It’s not much of a stretch to say that most GIS instructors are likely also techies (Mirriam-Webster: “a person who is very knowledgeable or enthusiastic about technology”), myself included.  It follows then, that we would also be interested in exploring the use of technology for how we teach, not just what we teach.  I attended an on-campus Educational Technology Workshop yesterday and, like many there, was struck by the level of attendance and interest.  There were some great talks on lecture capture, providing a “web option” for an in-class course, and using clickers and tablets in the classroom.   I have been considering a number of possible new ways of teaching with technology, and find that I have to remember to ask myself the following:

  • What is the problem this new technology will help me solve?
  • Is there actually a problem, or am I just being tempted by the latest thing?
  • Will students learn more, or faster, or more effectively?
  • Will it improve the student experience?
  • What is the learning curve for me, and for my students?
  • What are the long term implications/obligations for maintenance and improvement both in time and money?
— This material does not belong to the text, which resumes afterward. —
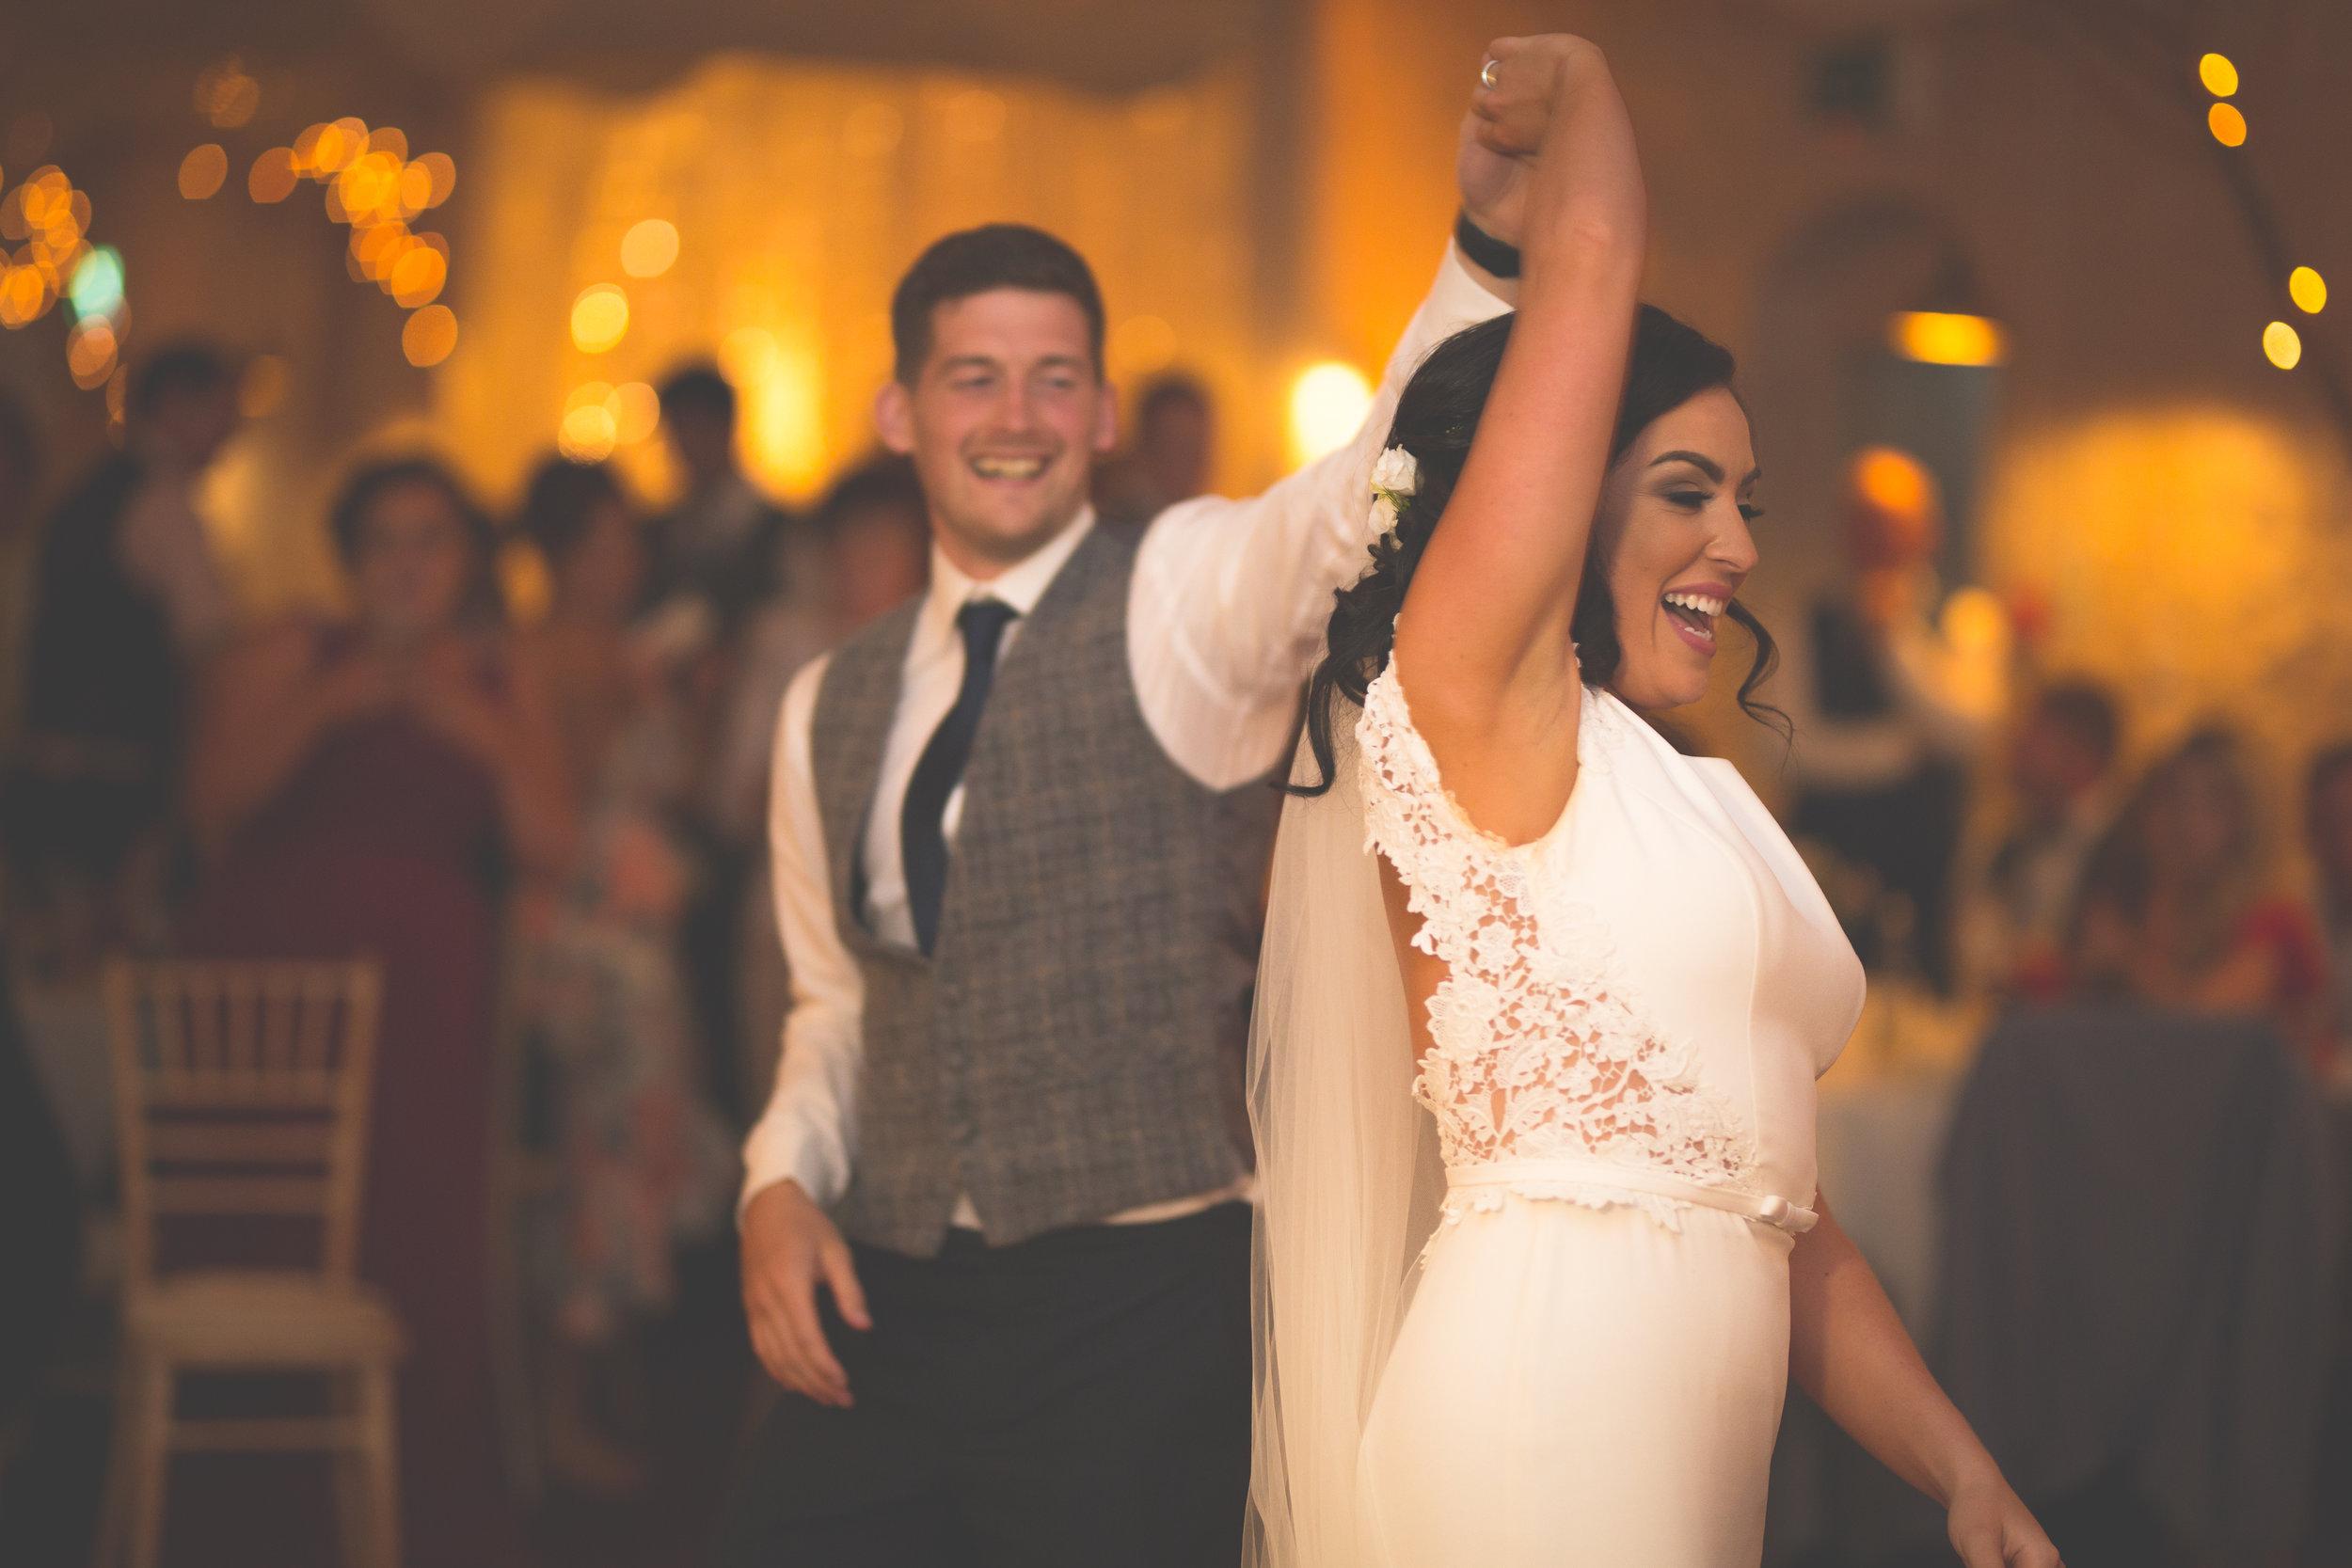 Brian McEwan Wedding Photography | Carol-Annee & Sean | The Dancing-24.jpg

It’s one thing for me to enjoy being an early adopter, but many of the things I try are discarded (e.g., I bought a Bluetooth GPS for my laptop before the days of smartphones, and never once got it to work – it makes a good paperweight).  However, I am much more conservative about using the same approach with how I teach my students.  I know they appreciate my efforts to improve their learning experience, but I have to be careful I don’t invest a lot of time and/or money only to find out something doesn’t work or actually make things worse.  Having said that, part of what I will be doing over the next few months is spending time researching new teaching methods, exploring options, and thinking about what I might do to take advantage of my techie nature in a way that improves my teaching.  Can’t wait!

Are you using technology to teach GIS?  If so, I would love to hear what you’re doing and how it’s working…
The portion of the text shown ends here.